Ya, cairan sumber kehidupan itu pun tak luput dari bahan penelitian.

“Itu nggak dibenarkan.” Rosma berapi-api ketika mendengar Ayuna mengatakan bahwa mereka bisa membeli bahan praktikum tadi ke seorang makelar penyedia cairan mani dengan memberi sejumlah imbalan.

“Tapi nggak ada jalan lain.” Fika menyela. Diam-diam melirik para mahasiswa yang duduk jauh di pojokan sana, tidak bersedia cairan mereka dijadikan bahan praktek.

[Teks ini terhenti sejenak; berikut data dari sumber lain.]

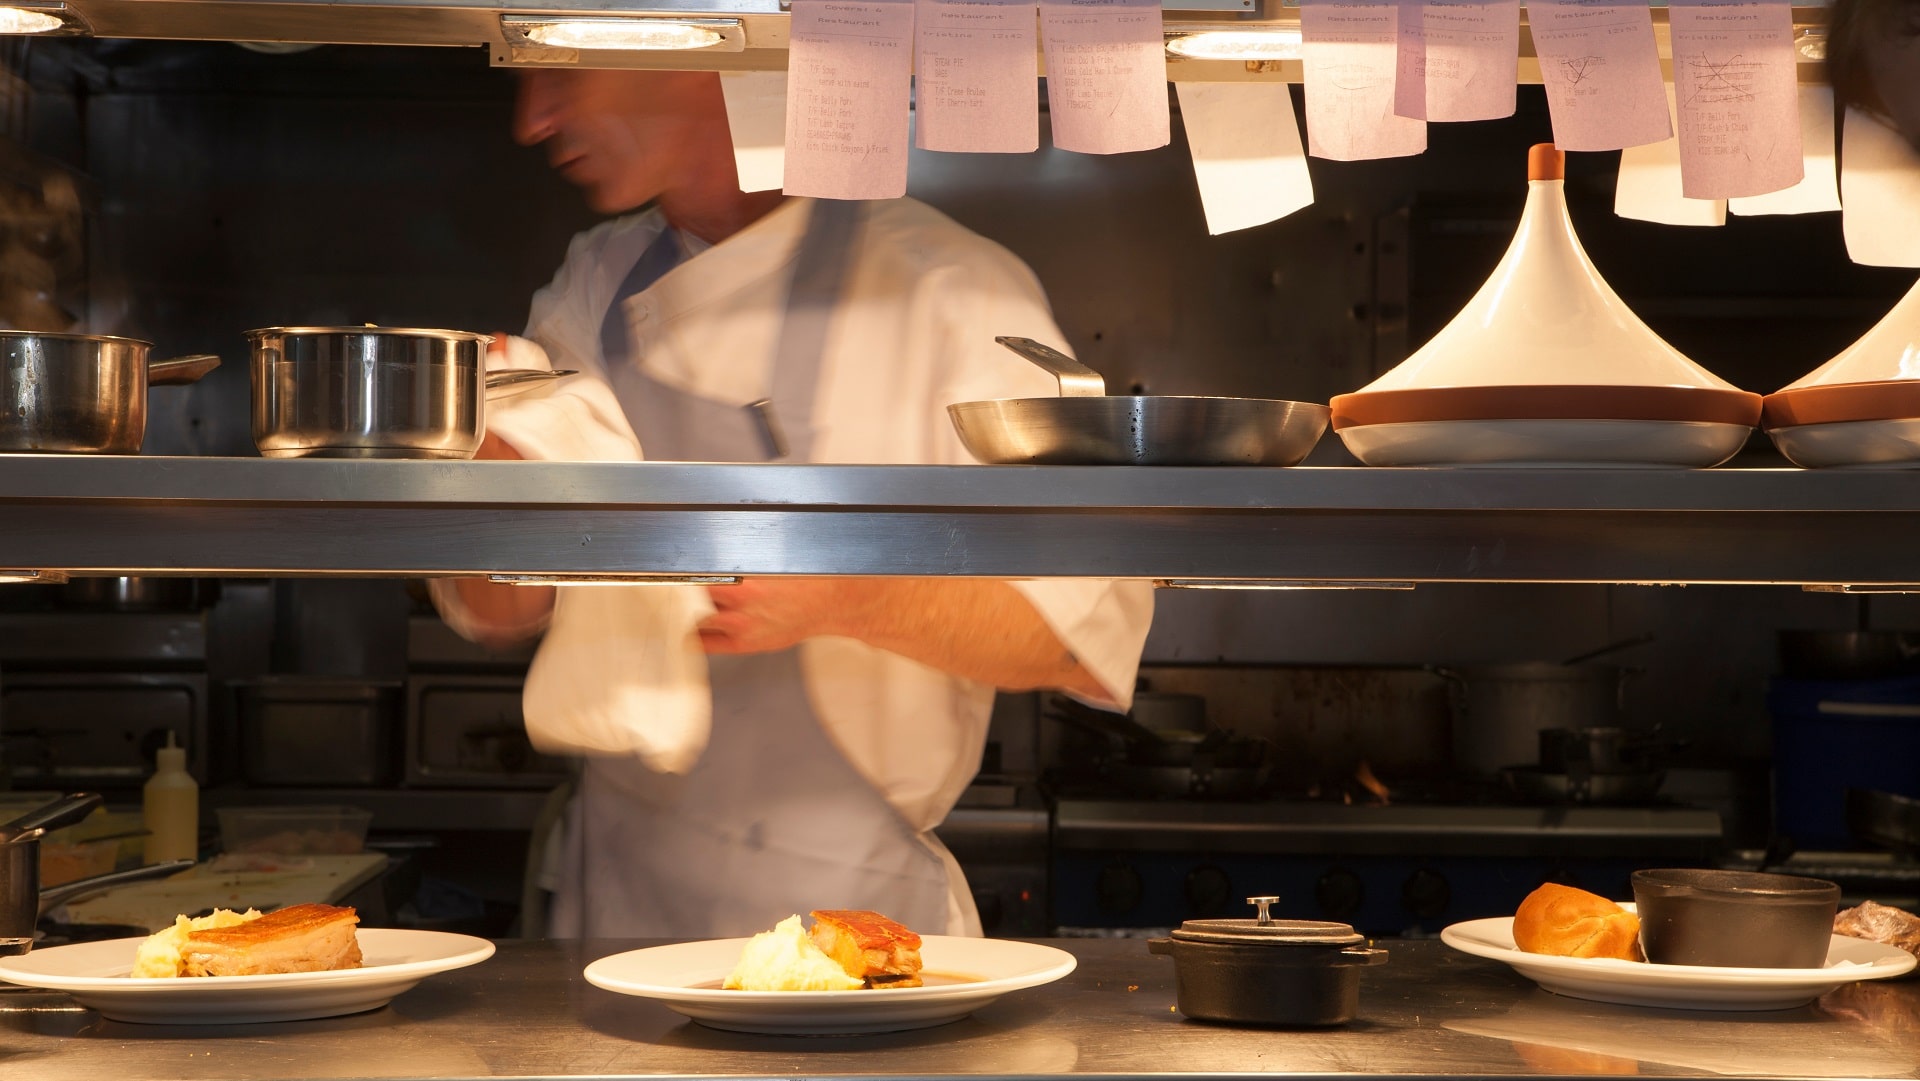 Server stands behind line in restaurant kitchen

“Kamu lupa ya, UGM pernah banget kena tegur karena anak-anak FK-nya ketahuan beli cairan mani ke makelar? Aku nggak mau ah, risikonya nama kampus kita bakal kena.”

“Elah... tibang sekali doang, nggak apa-apa.” Suara itu bersahut-sahutan menyela.

“Kecuali—”

“Kak Gio nggak bisa.” Sayna membantah segera. “Paling nanti aku bakal tanyain dulu dia cari sperm di mana buat bahan praktek, tapi kita nggak bisa minta punya dia.”

Teman-temannya terkikik, Sayna mungkin terlalu visioner karena berpikir hingga jauh ke sana.

“Memang Kak Gio dan Sayna ini penyelamat kita.” Rafika senang mendengar Sayna sukarela melakukannya tanpa diminta. “Tapi kamu kan ada Danish, Say... kamu bisa minta dia.”

Kelompok itu tertawa dengan Sayna yang merona di tengah-tengahnya.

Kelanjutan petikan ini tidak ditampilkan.